Python Forum
Read csv file with inconsistent delimiter - Printable Version

+- Python Forum (https://python-forum.io)
+-- Forum: Python Coding (https://python-forum.io/forum-7.html)
+--- Forum: General Coding Help (https://python-forum.io/forum-8.html)
+--- Thread: Read csv file with inconsistent delimiter (/thread-39690.html)



Read csv file with inconsistent delimiter - gracenz - Mar-27-2023

Hi everyone.

Can I seek your help on properly reading this csv file with incomplete data (e.g. row 14 to 23) and different delimiters?
row 23 has been incorrectly captured as far as it looks.
The data contains 8 columns i.e. Release_Date, Title, Overview, Popularity, Vote_Count, Vote_Average, Original_Language, Genre.

Thanking you in advance.


RE: Read csv file with inconsistent delimiter - DeaD_EyE - Mar-27-2023

Just skip the rows, which start with a -.

import csv
from datetime import datetime as DateTime


def read_broken_csv(file):
    with open(file, newline="") as fd:
        reader = csv.reader(fd)
        header = next(reader)
        for row in reader:
            # skipping everything where row[0] starts with a `-`
            if row[0].lstrip().startswith("-"):
                continue
            # conversion to date may fail, if the data is in the wrong format
            try:
                row[0] = DateTime.strptime(row[0], "%m/%d/%Y").date()
                row[-1] = tuple(map(str.strip, row[-1].split(",")))
            except ValueError:
                # skipping row, if the format of date was not ok
                continue

            yield row


for row in read_broken_csv("Downloads/testing.csv"):
    print(row)



RE: Read csv file with inconsistent delimiter - deanhystad - Mar-27-2023

To fix you need to identify when a linefeed is not the end of a row, but a continuation of the description. You could look " - " at the start of the "Release_Date" to find the continuations. If the Overivew is "NaN" append the description to the previous description. If the Overview is a number, use the Overview, Popularity, Vote_Count, Vote_Average, and Original_Language as the Popularity, Vote_Count, Vote_Average, Original_Language and Genre for the row. Even then you still have that odd link after genre. Quite complicated.
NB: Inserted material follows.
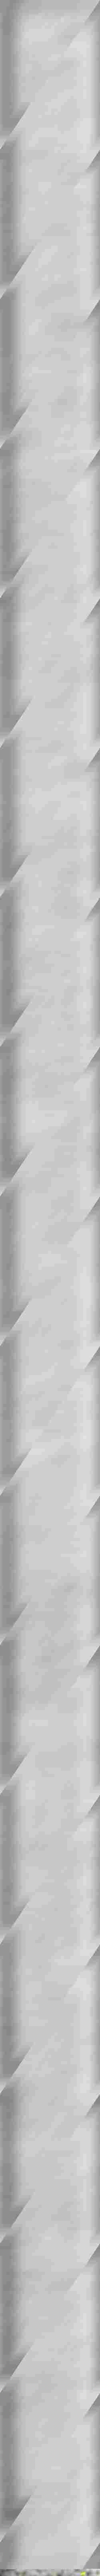 Paradyż Uniwersalna Listwa Szklana Silver Brokat
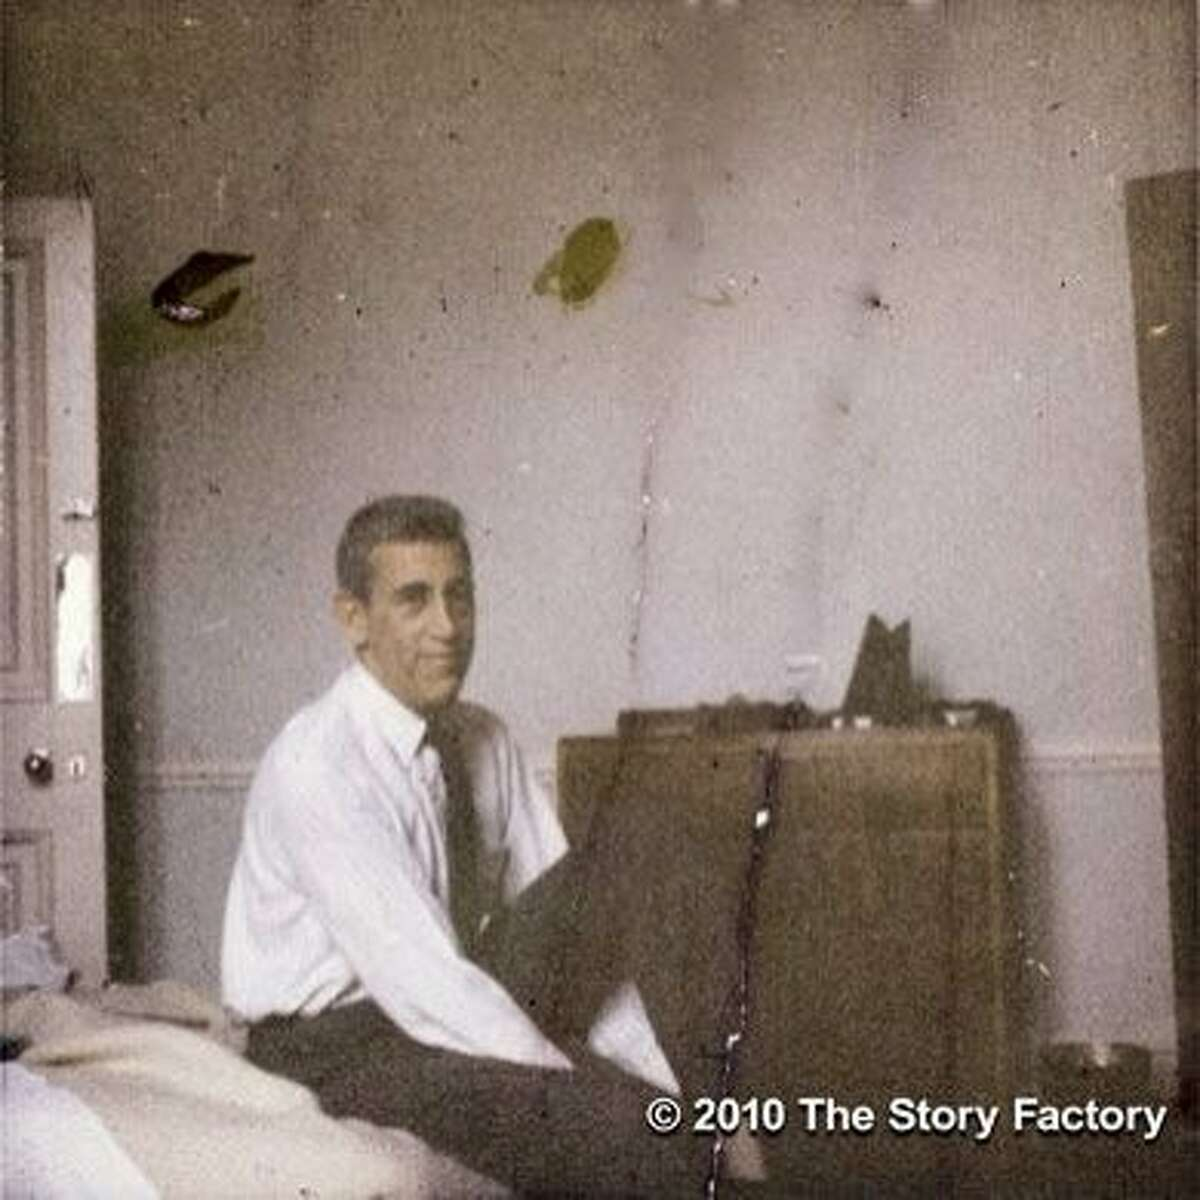 J.D. Salinger image from the documentary

Or you could just fix whatever is generating these files and have it place quotes around the Title and Overview. I edited your csv file and wrapped all the titles and Overviews in quotes. I left the linefeeds in the pixie bakeoff description and deleted the link after the pixie bakeoff genre (Animaged) as well as all the commas that were added to the csv file because you did not have quotes on the Overview. The modified csv file reads fine.